Le ciel se déchaina, et d’énormes gouttes se mirent à tomber dans un vacarme de fin du monde. De ce qu’il se passa pendant l’heure qui suivit, je n’ai que quelques souvenirs confus, des flashs que je vous livrerai pêle-mêle : je revois le soldat Pauleto, à moitié nu, hurlant aux civils de se mettre à l’abri sous les arbres, puis se rouler dans la boue en riant. Des femmes et des enfants à terre sur lesquels je marchais pour échapper à la marée montante venant du lac, la sergente Fidelis perchée sur la plus haute branche d’un pommier, me disant que la mort n’est que le début du chemin avant de s’envoler, le soldat Lucho, les bras en l’air, implorant les dieux de lui rendre ses fils, et pour finir, une apothéose en forme d’épiphanie…

Alors que je rampais au travers de buissons dans l’espoir insensé d’échapper au largage de bombes incendiaires (je sais, ça paraît étrange, mais tout ce que j’écris ici est vrai), je me retrouvais dans une espèce de hutte, où la chaleur provoquée par de la vapeur d’eau rendait l’atmosphère étouffante.
Dans la pénombre, j’apercevais un homme, et me rendais compte avec horreur qu’il s’agissait du sergent Tartiflette, le crane rasé.
Il se versa de l’eau sur la figure, et me dit :
« L’Horreur. L’horreur a un visage, et vous devez faire une amie de l’horreur. »

Puis c’est le trou noir.

Lorsque je repris connaissance, la pluie avait momentanément cessé de tomber, et je me trouvais en compagnie de mes acolytes au bar presse, un godet bien frais de Grimbergen à la main. Aucun de nous n’évoqua jamais ce qu’il se passa pendant cette terrible heure, mais il nous est encore impossible aujourd’hui de nous regarder dans les yeux.

Cependant que nous reprenions nos esprit en maudissant le malin de nous jouer un si vilain tour, un constat s’imposa. Trempés jusqu’aux os, nous devions aller nous changer si nous voulions espérer survivre à cette soirée. Nous avons auparavant cherché à nous renseigner un peu avant de repartir, histoire de s’assurer que le festival allait bien continuer, et que nous ne raterions rien de bien méchant. Les premières infos annonçaient un retard dans la programmation. Rien de bien de grave donc. Mais les quelques «officiels » que nos rencontrions douchèrent nos espoirs et nous l’assurèrent avec aplomb : la soirée était finie.
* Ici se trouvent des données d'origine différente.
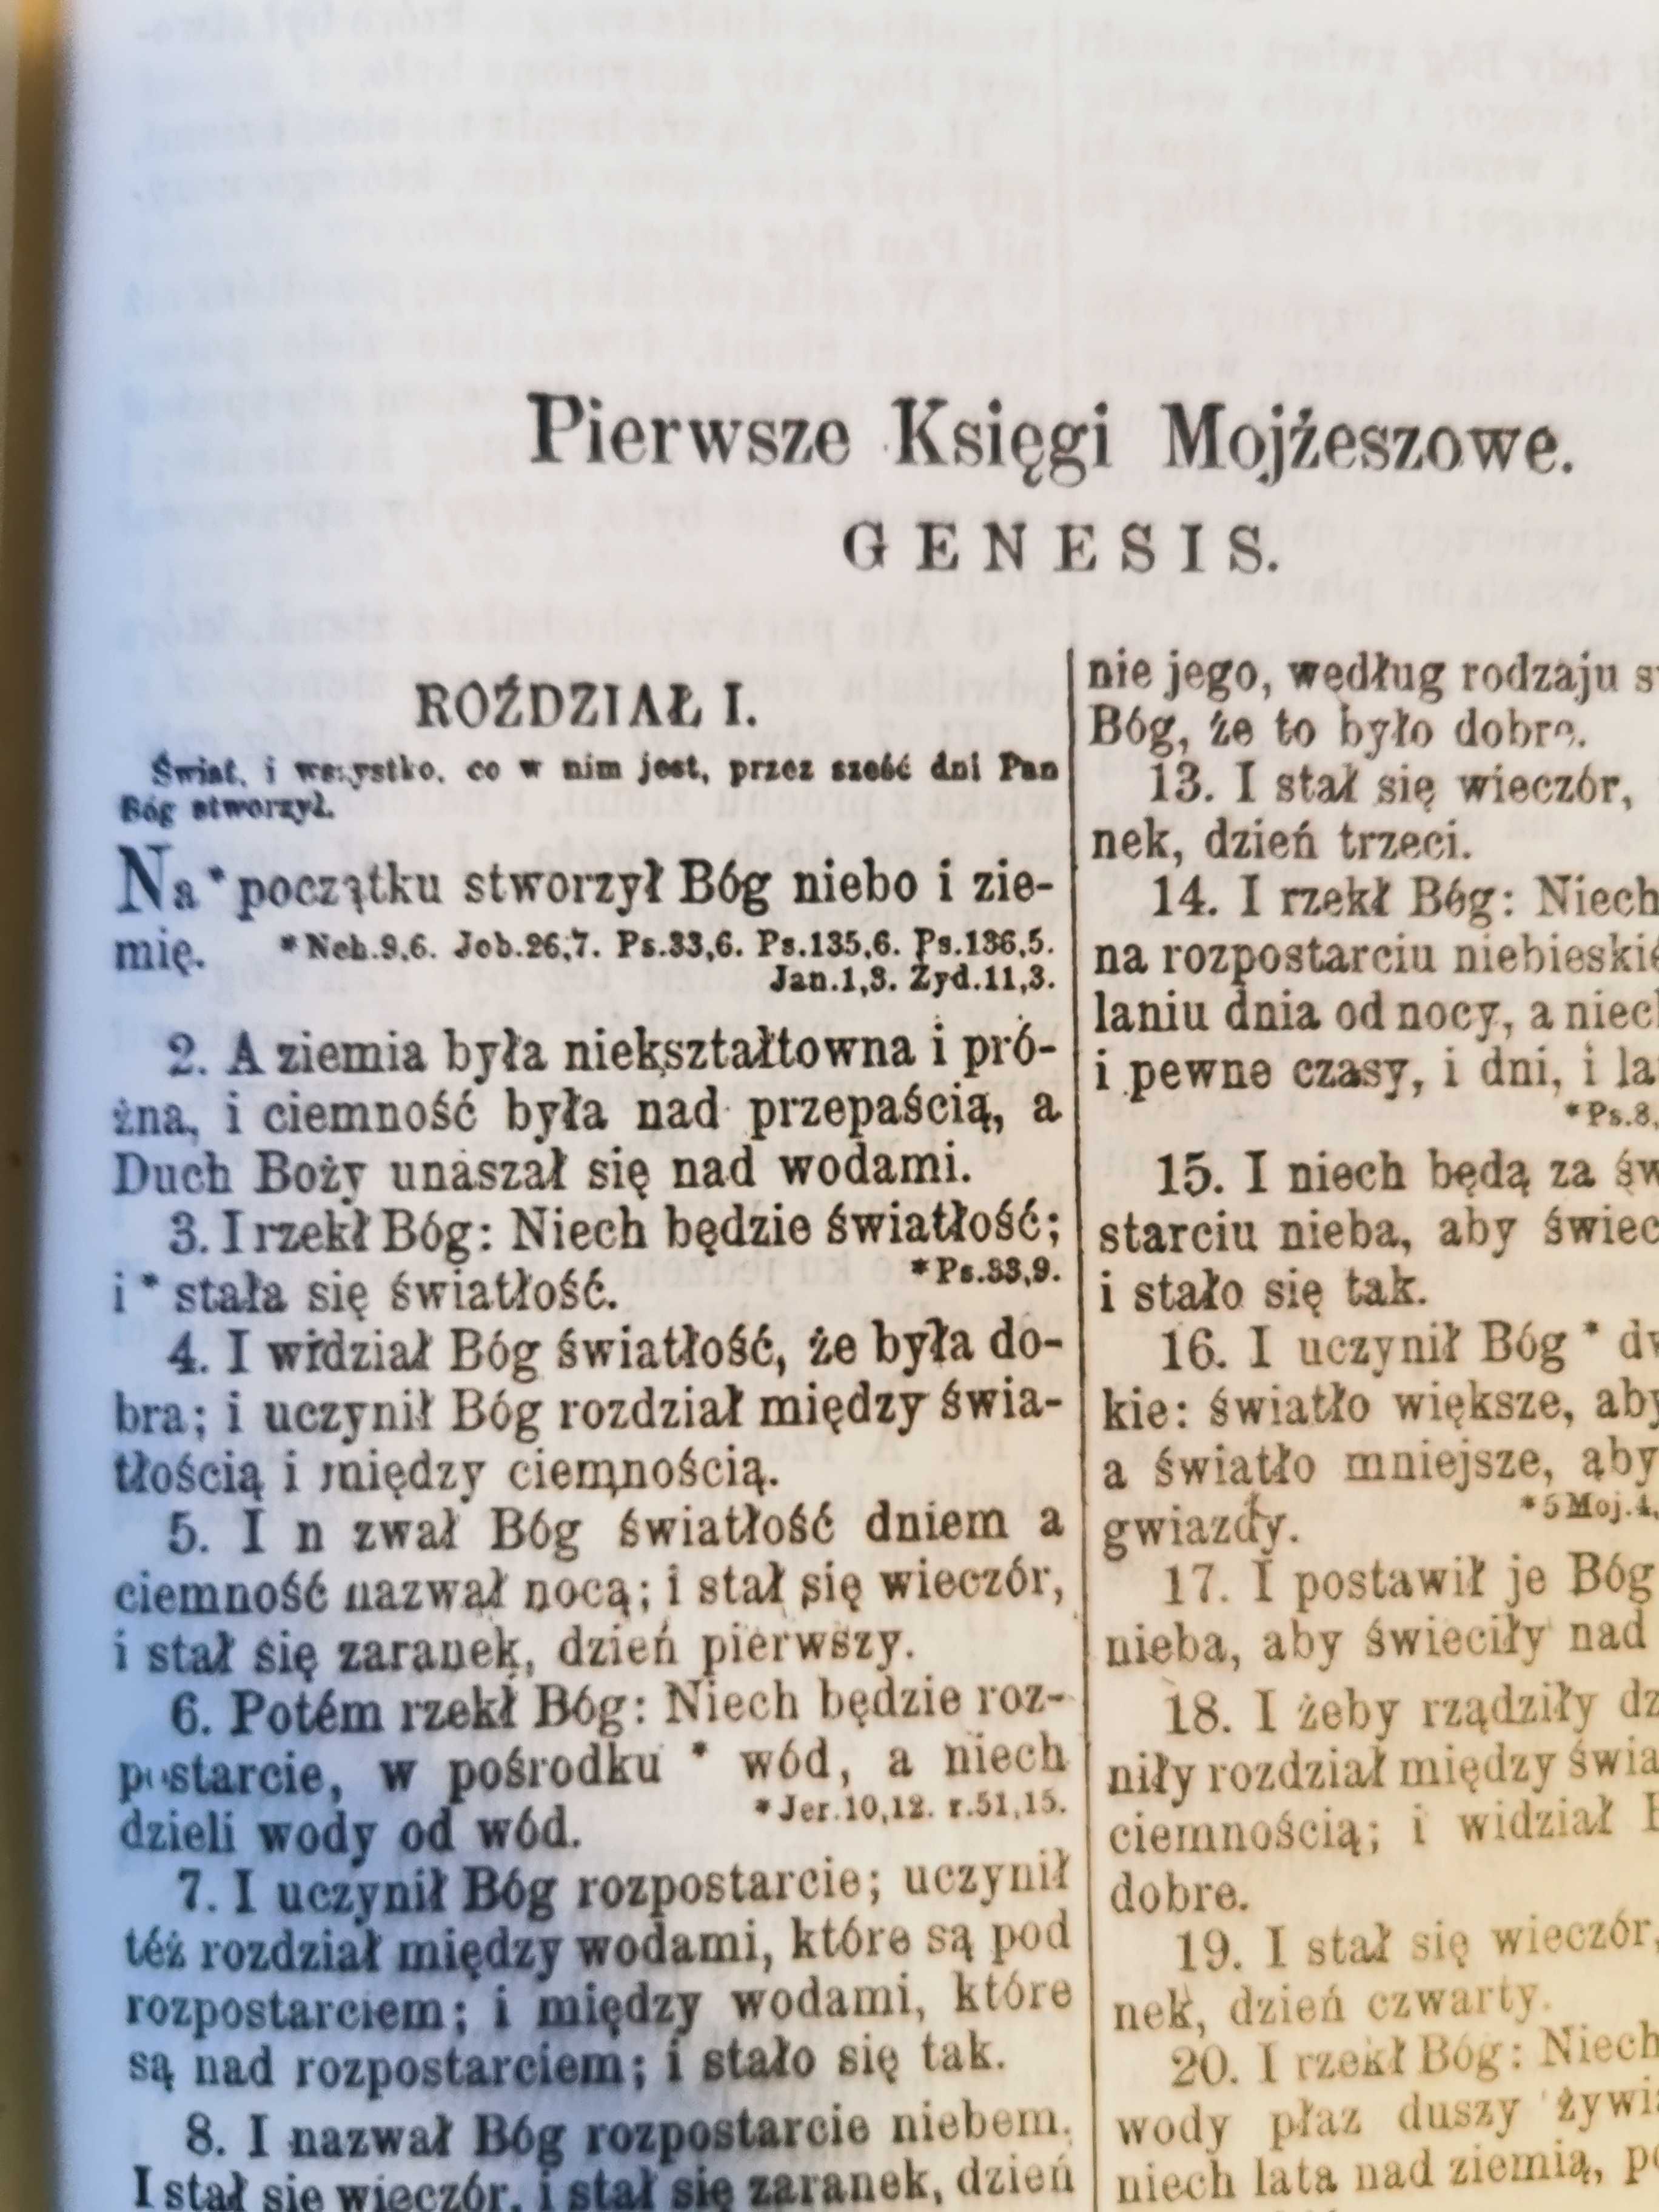 Biblia Gdańska stara wydanie z 1959 r. średni format

La mort dans l’âme, nous nous sommes donc dirigés vers les navettes, essuyant au passage une nouvelle salve de pluie agrémentée cette fois-ci de grêlons, parce que sinon, c’est pas rigolo. Un bon samaritain au fort accent méridional (pour ne pas dire portugais) du nom de José nous abrita pendant le plus fort de la tempête, et je tiens à le remercier, car sans lui nous serions probablement mort à l’heure qu’il est (c’est un peu exagéré, soit, mais il fallait y être pour comprendre).

Nous n’étions pas les seuls à vouloir rentrer. Une foule immense avait apparemment tiré les mêmes conclusions que nous, et autant vous dire que ce n’était pas spécialement la teuf dans cette longue file d’attente. Nous avons attendu, pendant un temps qui me semble infini avec le recul, serrés comme des maquereaux dans leurs boites alors que le réseau de navettes se mettait peu à peu en place. Aussi étonnant que cela paraisse,on entendait clairement la musique reprendre sur le festival sans que personne ne réagisse, et je me disais donc que je devais halluciner, d’autant plus que les bénévoles croisés ici et là continuaient à nous affirmer la fin du festival…
Nous sommes donc rentrés au camping qui arborait déjà ses plus belles couleurs de glaise, et nous sommes changés. Le soldat Pauleto et moi même, intrigués par les clairs échos musicaux semblant venir du festival, avons décidé de nous renseigner, histoire de pas avoir l’air trop cons si les concerts avaient bien repris. Et là, je suis désolé, mais je vais être obligé de m’énerver un peu. Nous avons pu lire dans la presse du dimanche que la communication lors de cette guerre avait été excellente de la part du staff des Eurocks.
MON CUL OUAIS !!!
La « communication » a été naze de bout en bout, si bien que lorsque nous sommes revenus demander à un des gars s’occupant de l’entrée du camping, celui ci continua à nous affirmer que le festival était fini, et ce malgré les airs très reconnaissables des Cure que l’on entendait maintenant clairement, et les jeux de lumières illuminant le ciel franc-comtois. Si ce n’est la lâcheté, je ne sais pas ce qui m’a retenu de lui foutre sur la gueule à ce nazillon.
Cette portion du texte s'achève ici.